I have dealt with Alice from a personal and different point of view. In doing so I have broken away from the original story and have created a fantasy world based on childhood dreams and memories which have become my own private mythology. They form a personal cycle of girl-doll-woman. The ubiquitous Alice finds her way into all of these scenes.
My connection to Alice’s story is through visions of shapes and is not connected to the actual narrative. The fantasy, disorder and lack of any logic create a new order of the events which sweep me off to other places; to the amusement park, riding the carrousel and on top of the Ferris wheel, places that transcend space and time.
Alice’s essence is that of innocence, childhood, dreams and day dreaming of another, different world than that of the adults – a world of hypocrisy, politics and wars. In my exhibit, I placed Alice in “Wildland” – the land of politics and wars, where innocence, beauty and dreams are lost. Alice’s image is fascinating. It is sarcastic and filled with contrasts. She represents these contradictions and the paradoxes of existence. Her classic image is flexible and soft and everything about her is possible. She has no limitations and no boundaries. She can be transformed into anything.
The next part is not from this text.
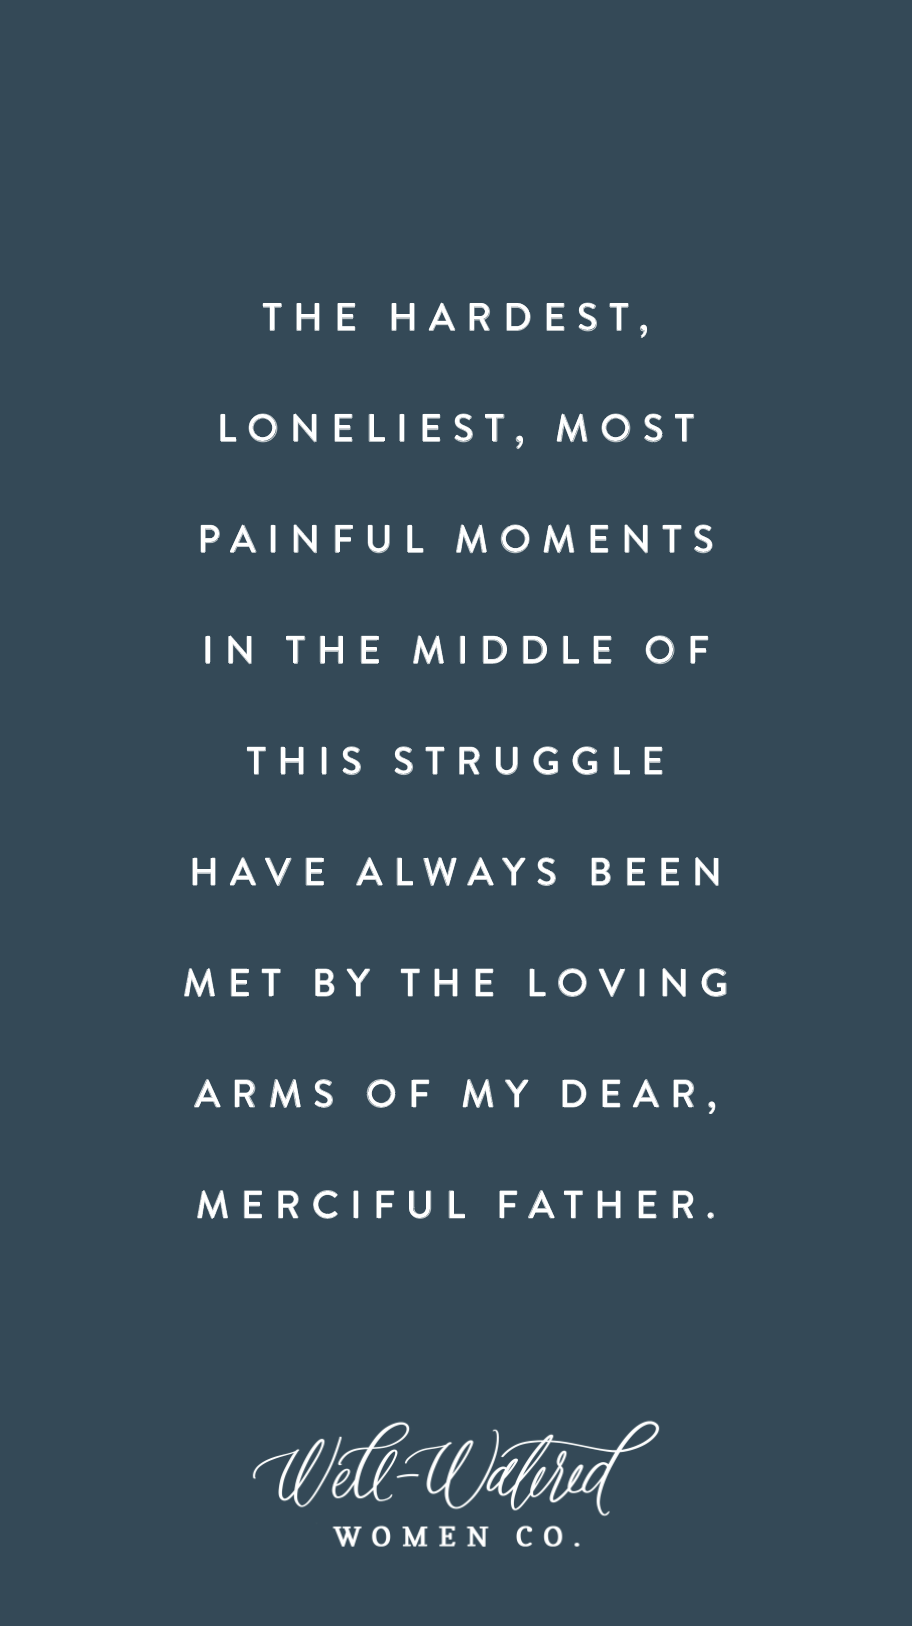 Well-Watered Women Blog-The Hardest, Loneliest, Most Painful Moments in the Middle of This Struggle Have Always Been Met by the Loving Arms of my Dear, Merciful Father

I live, like her, within this lack of security amidst these changes in an unstable, modern world, hypocritical and fickle, where the bottom feels like it shall drop from underneath our feet at any moment into a deep abyss.
This is a lawless world, where everything has an opposite. Time is not time, being is not being, yes is no and all that is just us unjust. We then find ourselves clinging with great fervor to the objects of our childhood which are slipping away from us. We cling to them as a safety anchor.
Grappling with this subject matter is dealing with a pathetic, grotesque farce and with the crooked mirror reflecting the absurd comedy of our lives.
My Alice is quite sober. She is not quite a child, yet not quite a woman – trapped yet trapping the white rabbit. She is described in different situations. While fleeing, she runs for her life. Her arms are so long she never quite knows what to do with them.
My paintings usually touch the abstract but are not abstract. They manifest a different realism. They stem from a hinted reality and are the fruits of momentary inspiration. I create different levels than that of reality in spontaneous work. I do not represent any philosophical stream which needs interpretation of decisions or seeking conclusions. One moment creates the next. A shape suggests another shape. This work transcends taste, time and fashion.